- Input data
________________________
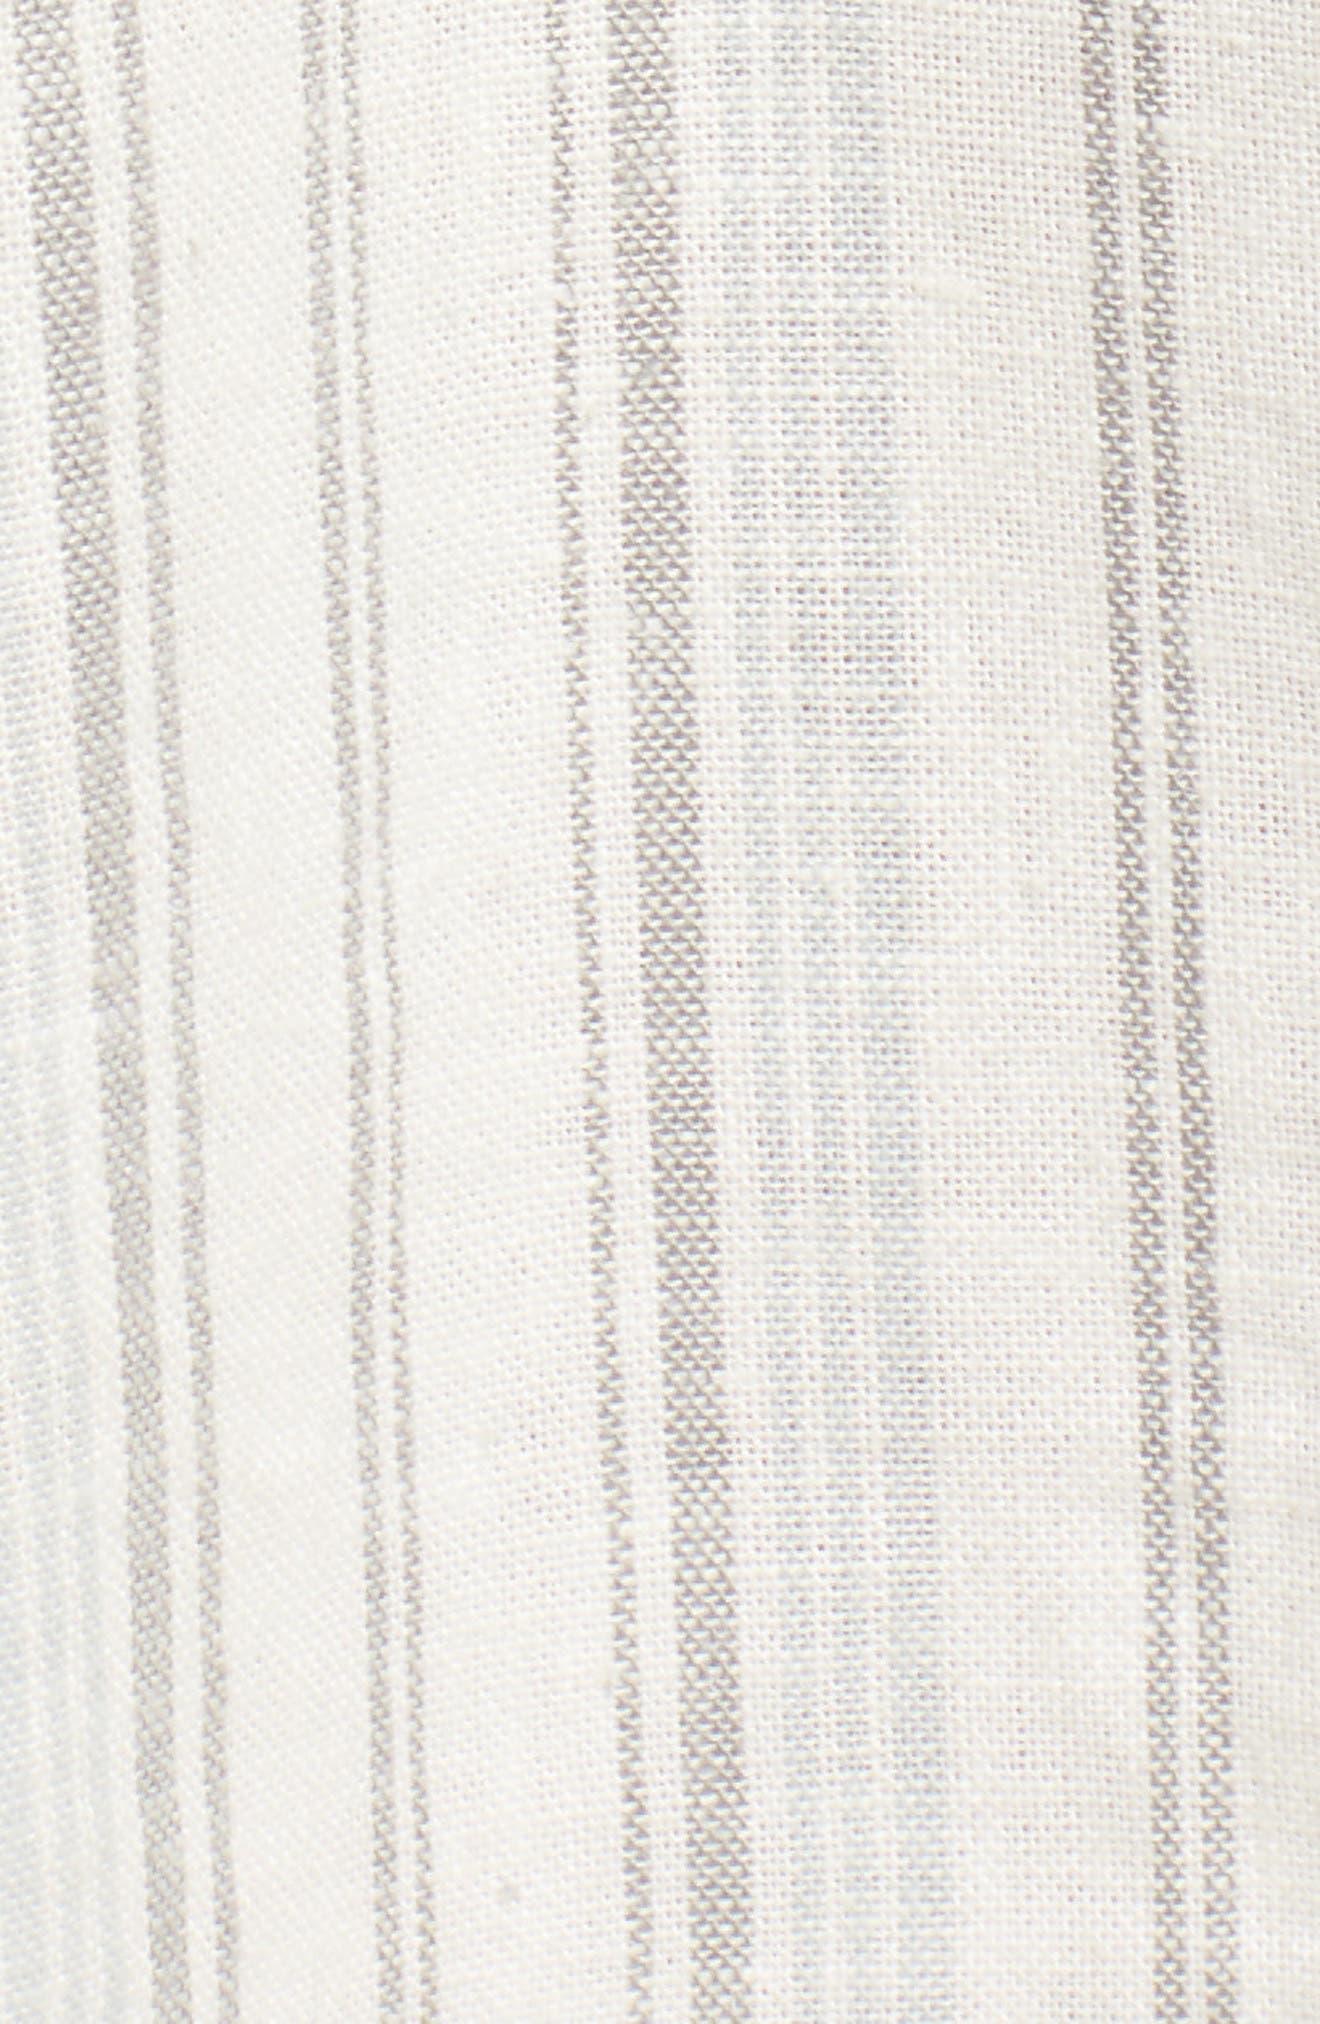 Stripe Linen Blend Midi Skirt,                             Alternate thumbnail 5, color,                             IVORY VERIGATED STRIPE
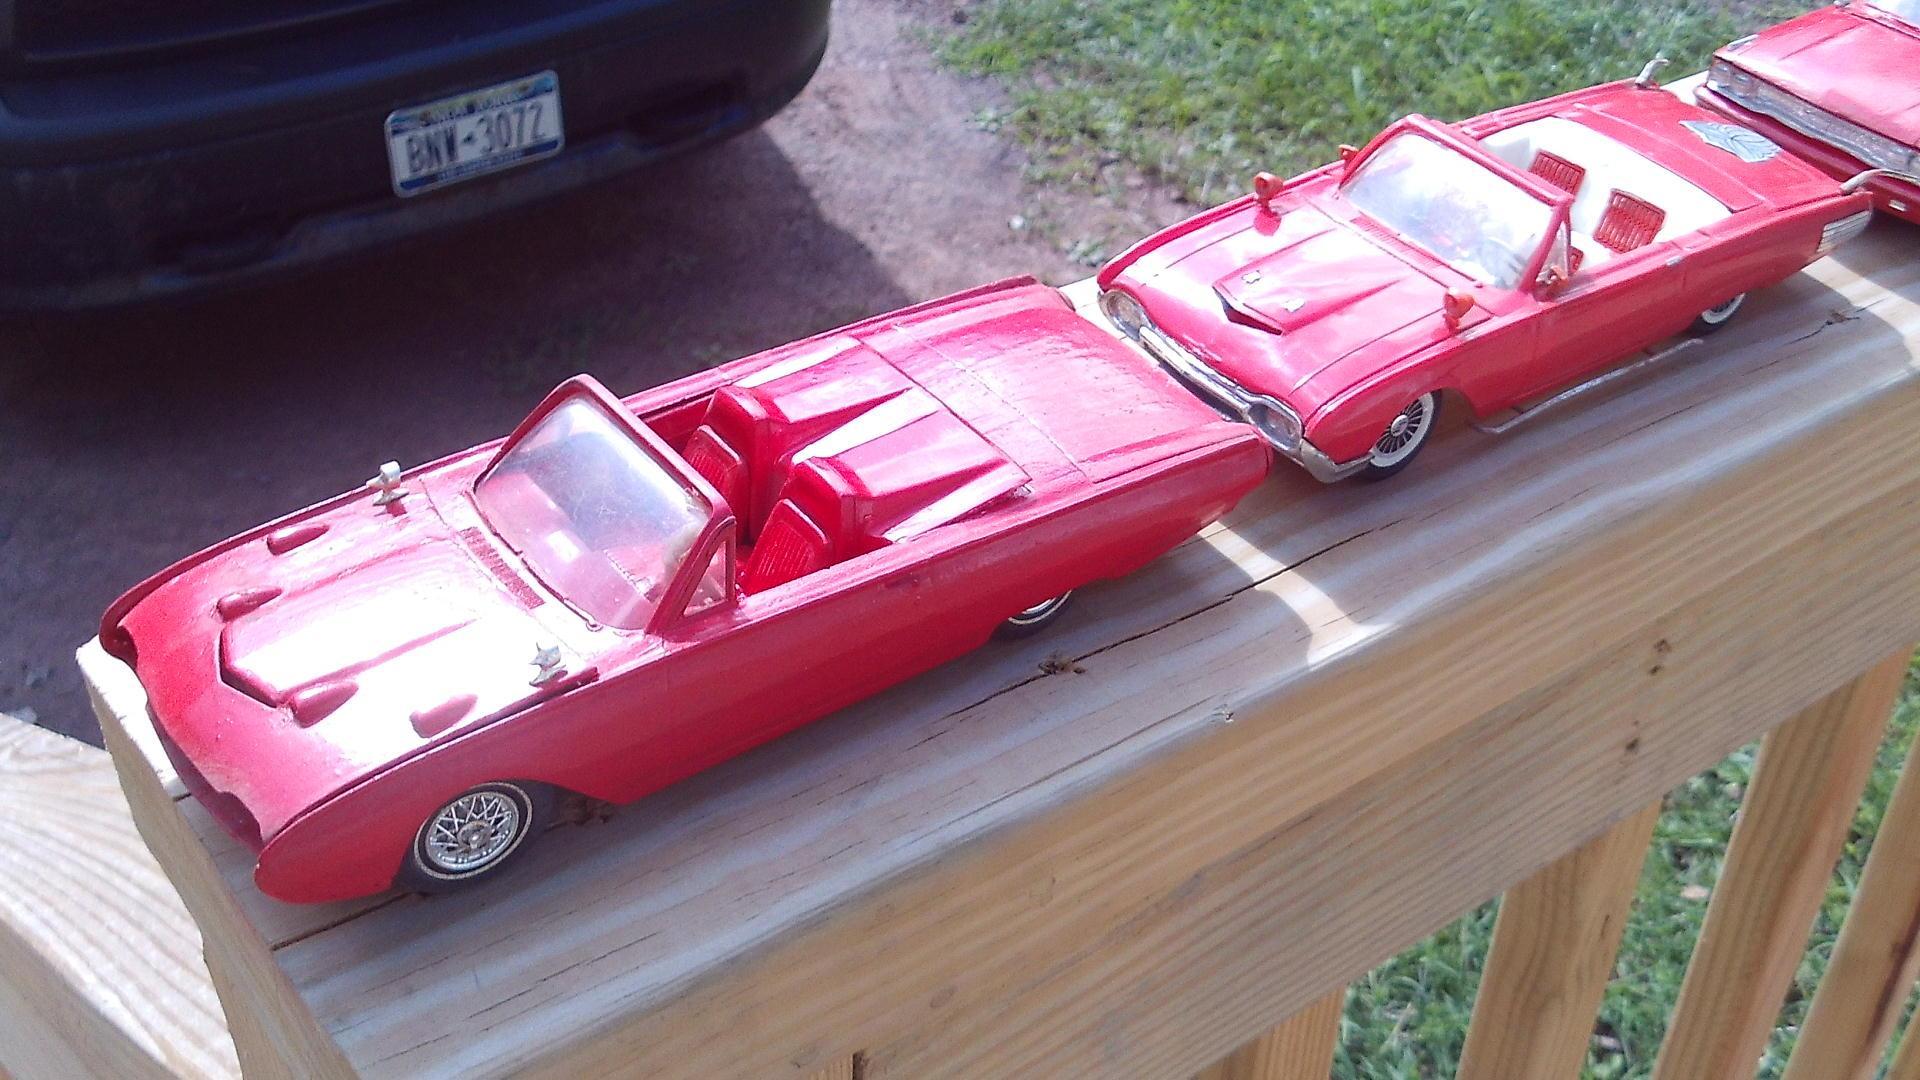 Bill's models 002.JPG
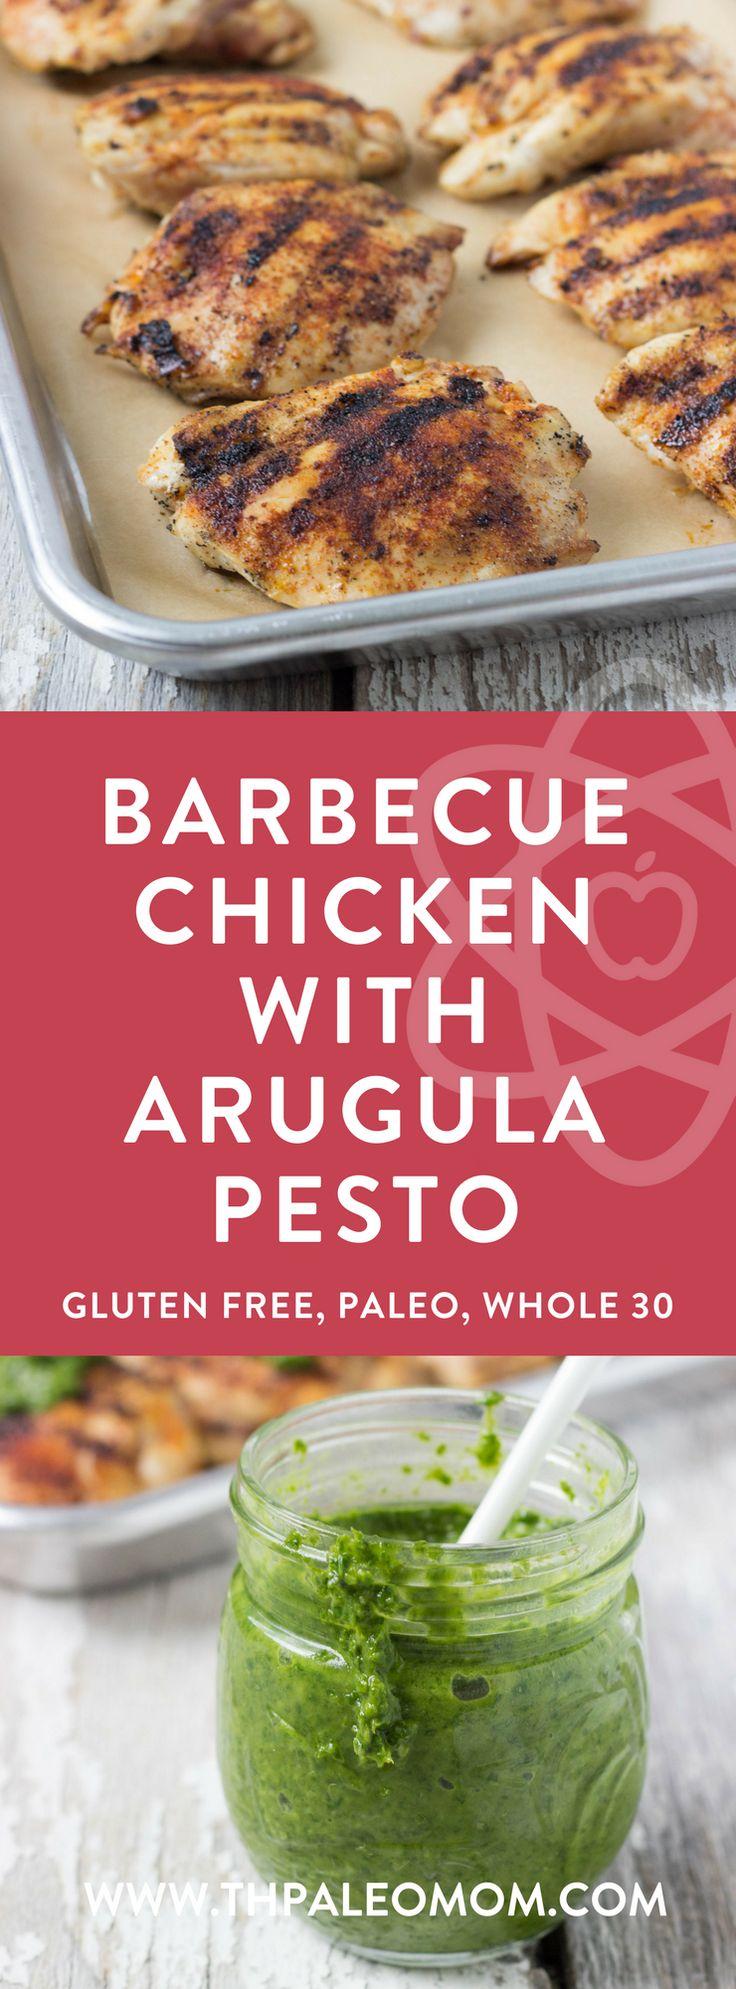 Barbecue Chicken with Arugula Pesto | The Paleo Mom (Paleo, Whole 30)
________________________
- What this task involves
Reproduce the material exactly; omit the pictures.

- Finished task
 Stripe Linen Blend Midi Skirt,                             Alternate thumbnail 5, color,                             IVORY VERIGATED STRIPE
 Bill's models 002.JPG
 Barbecue Chicken with Arugula Pesto | The Paleo Mom (Paleo, Whole 30)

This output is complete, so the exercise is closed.